▶ TASK REQUIREMENTS
With the images removed, repeat the data below exactly.

▶ DATASET EXCERPT
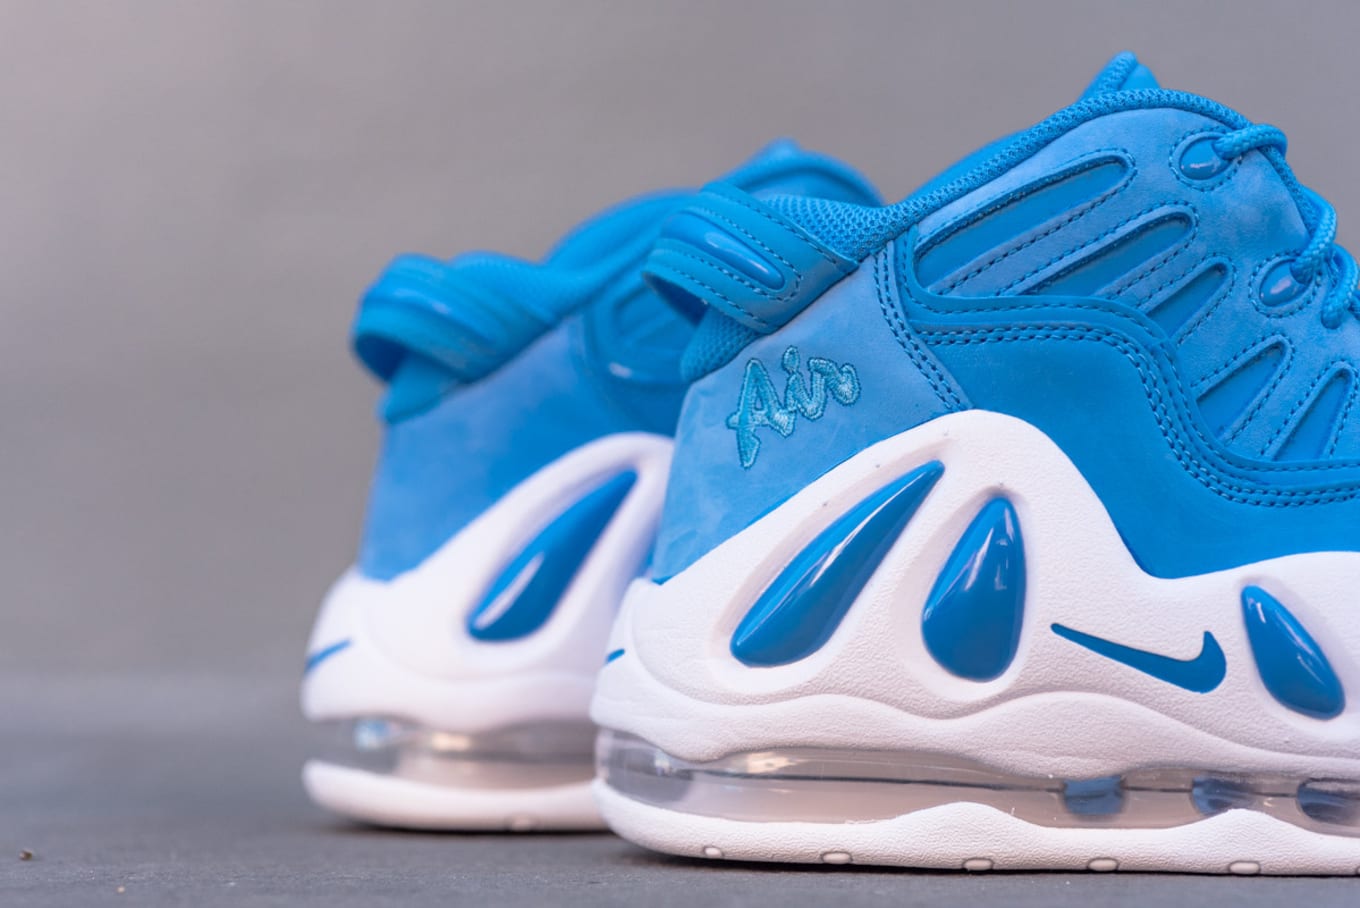 Nike Air Max Uptempo 97 Air Max2 Uptempo 94 AS University Blue Release Date Collector
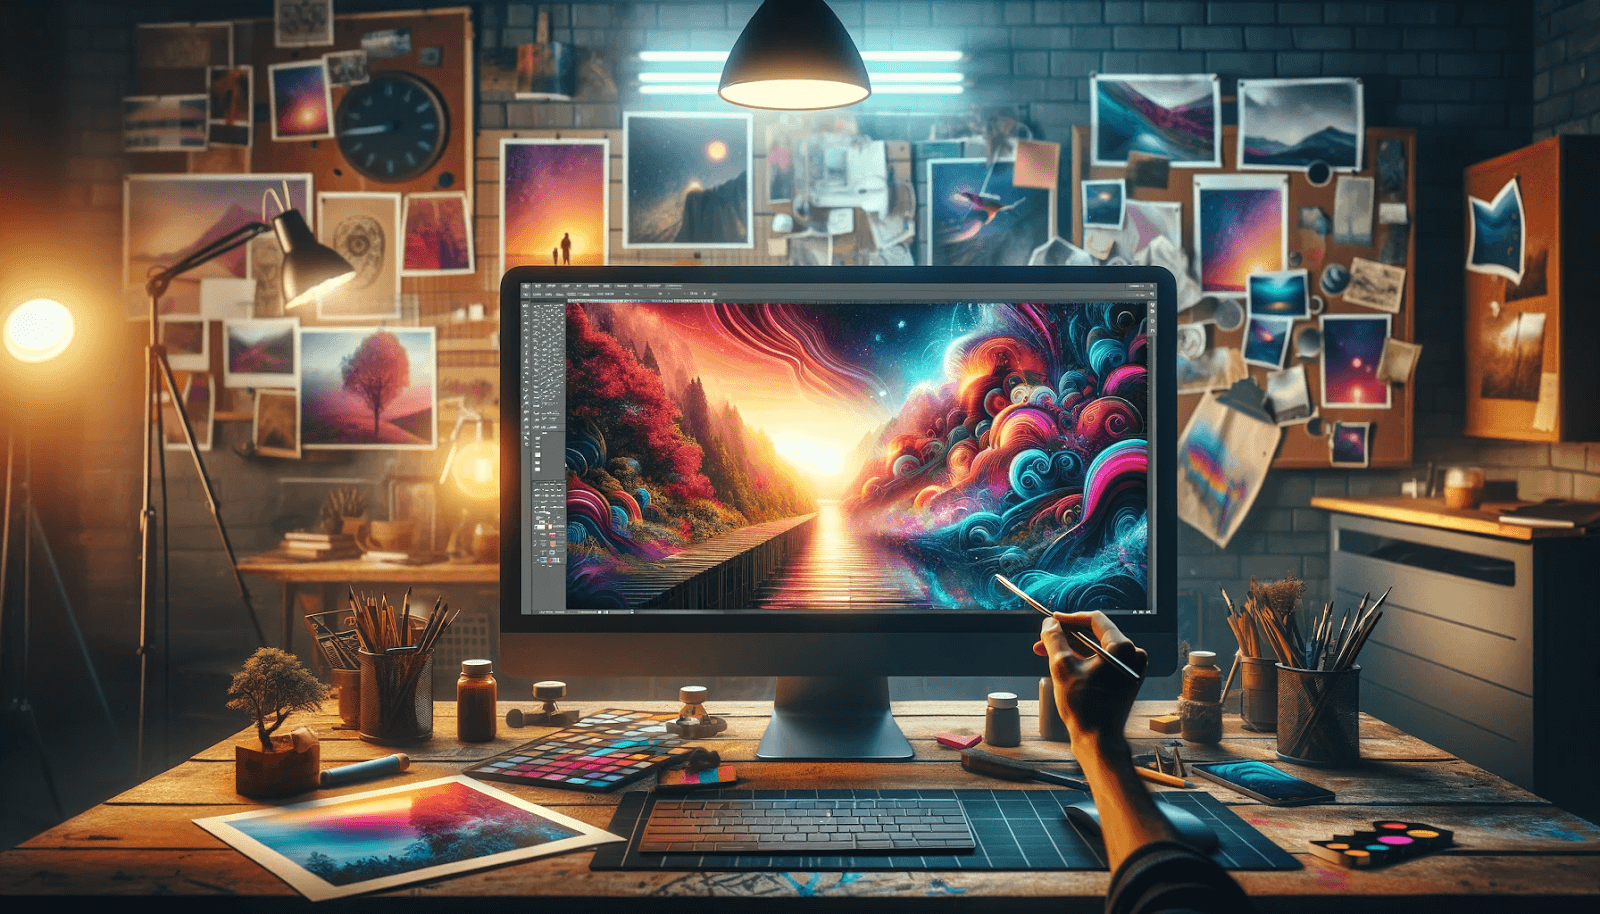 An artist in a studio applying mask tool photoshop skills to a surreal landscape, showcasing the blend of reality and imagination.
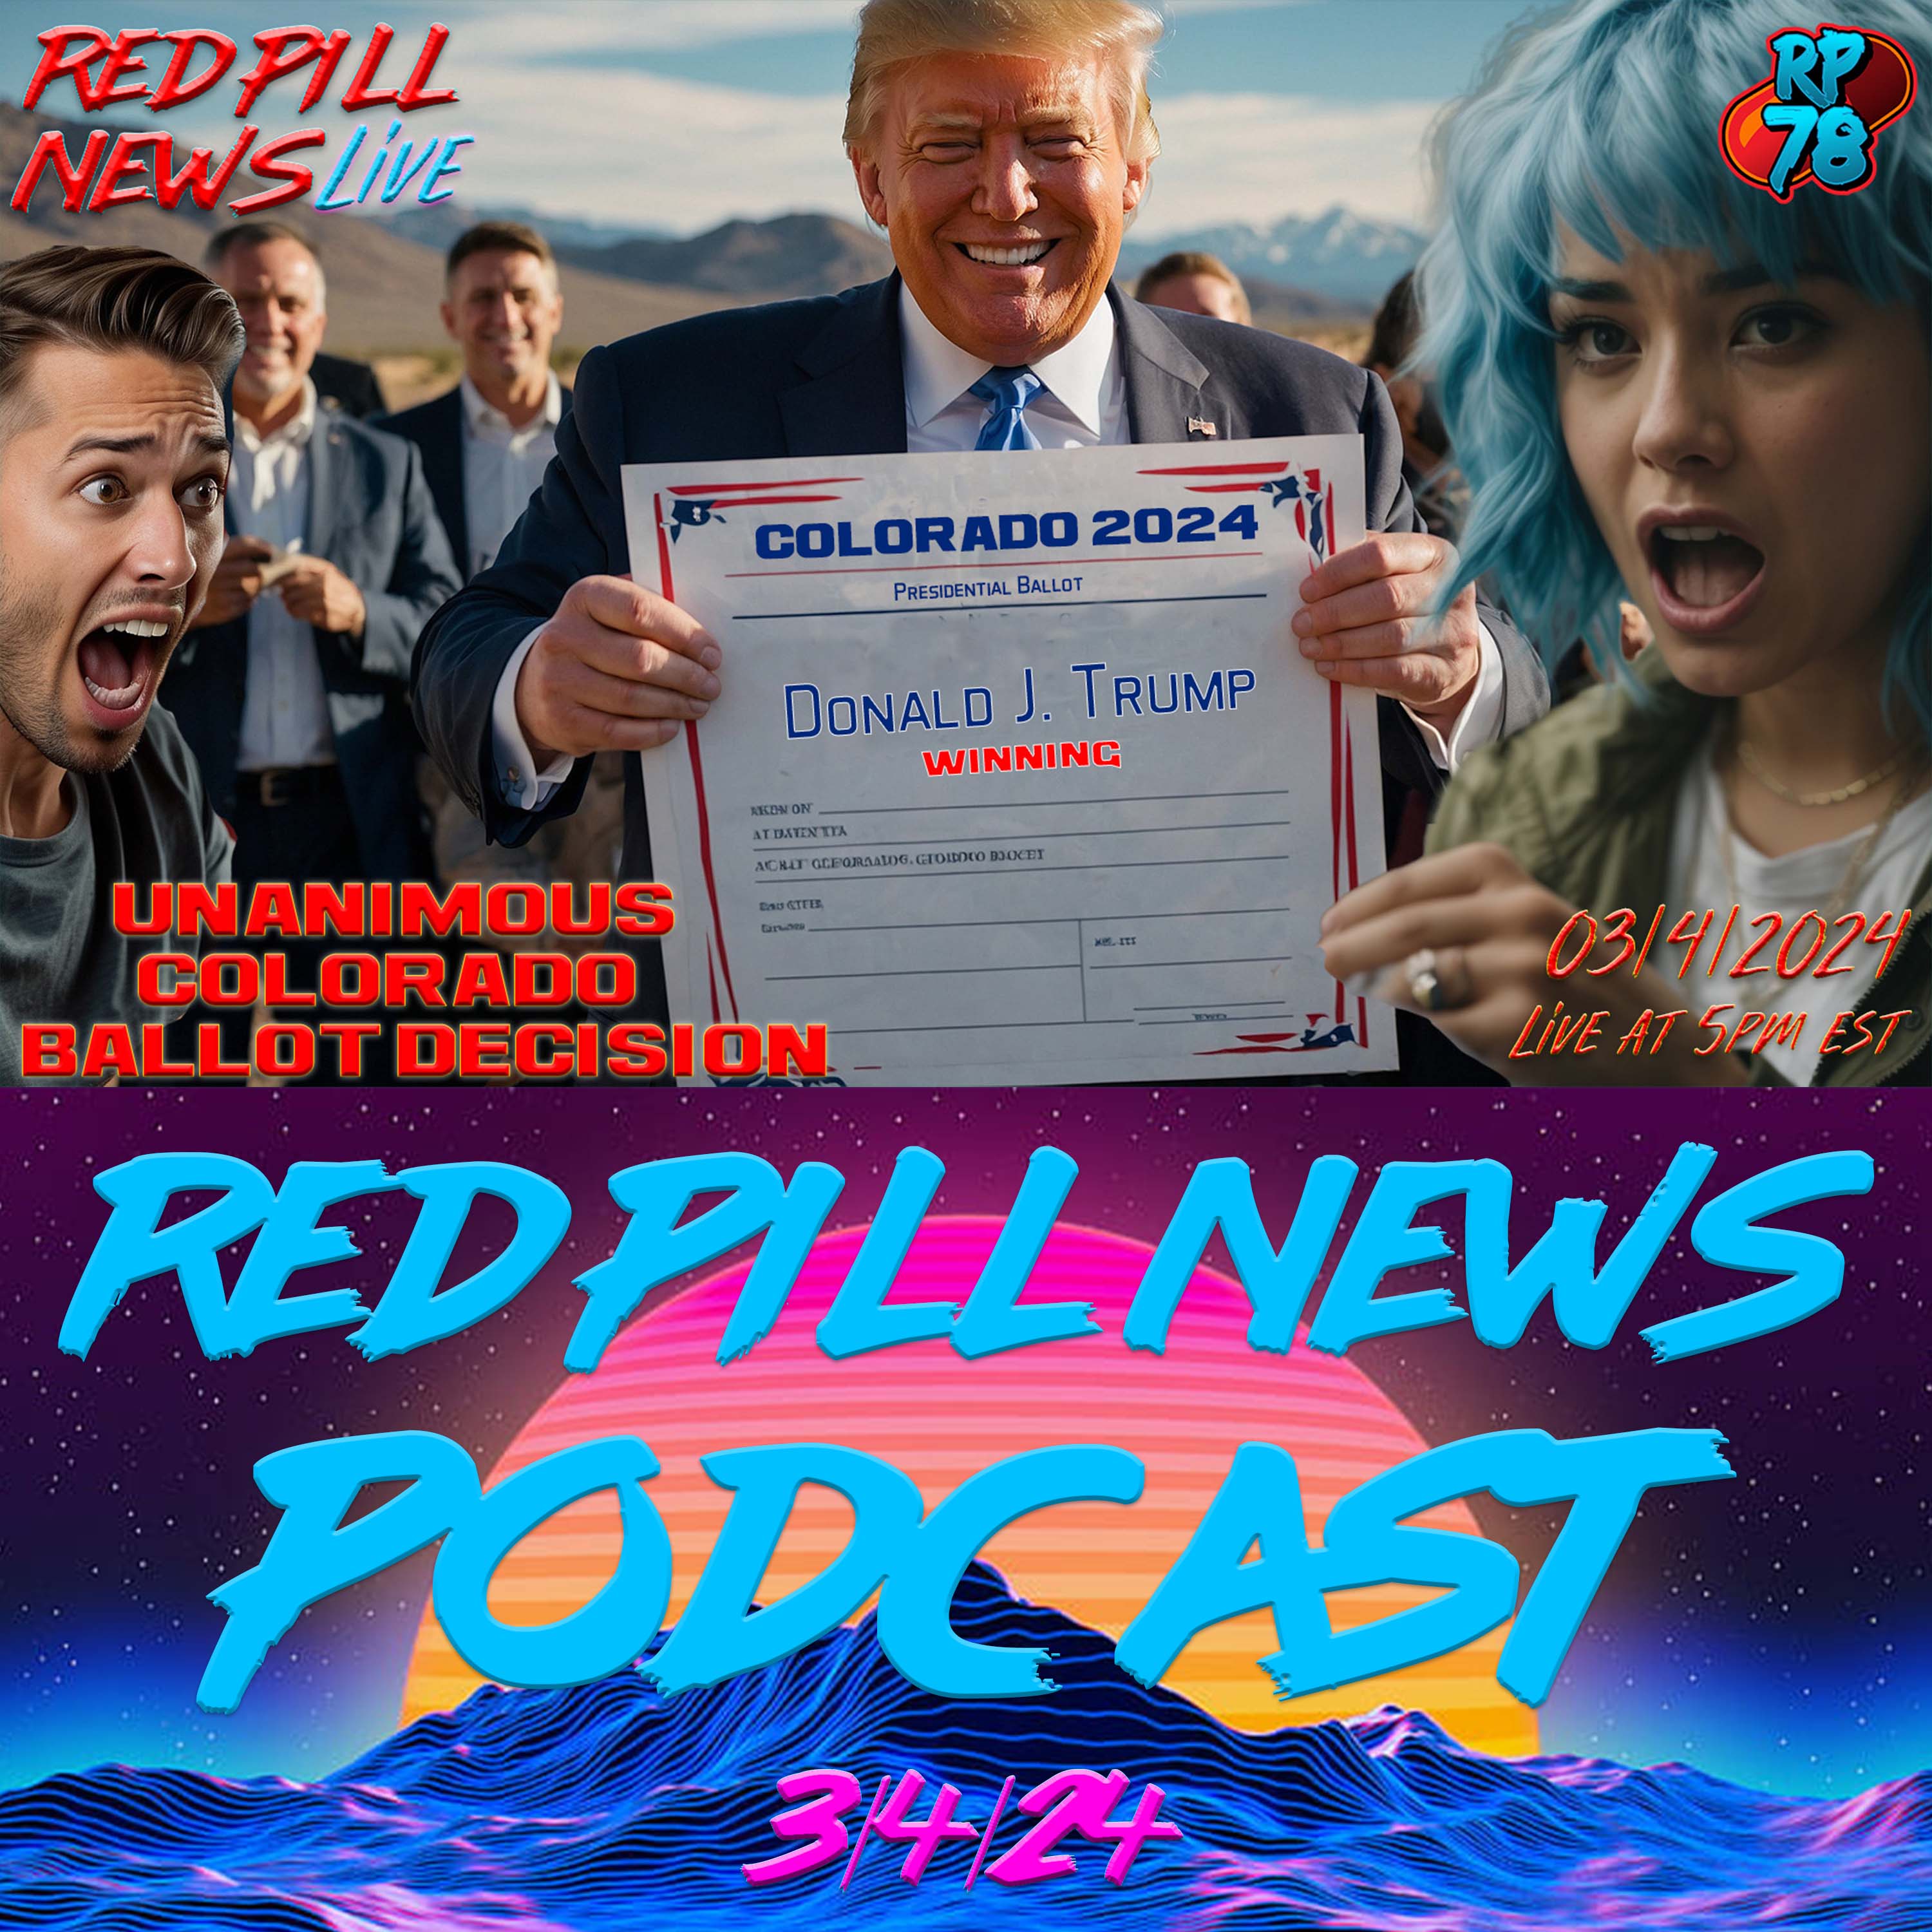 WINNING! Unanimous Blow To All Trump Ballot Challenges on Red Pill News Live

▶ OUTPUT OF THE EXERCISE
 Nike Air Max Uptempo 97 Air Max2 Uptempo 94 AS University Blue Release Date Collector
 An artist in a studio applying mask tool photoshop skills to a surreal landscape, showcasing the blend of reality and imagination.
 WINNING! Unanimous Blow To All Trump Ballot Challenges on Red Pill News Live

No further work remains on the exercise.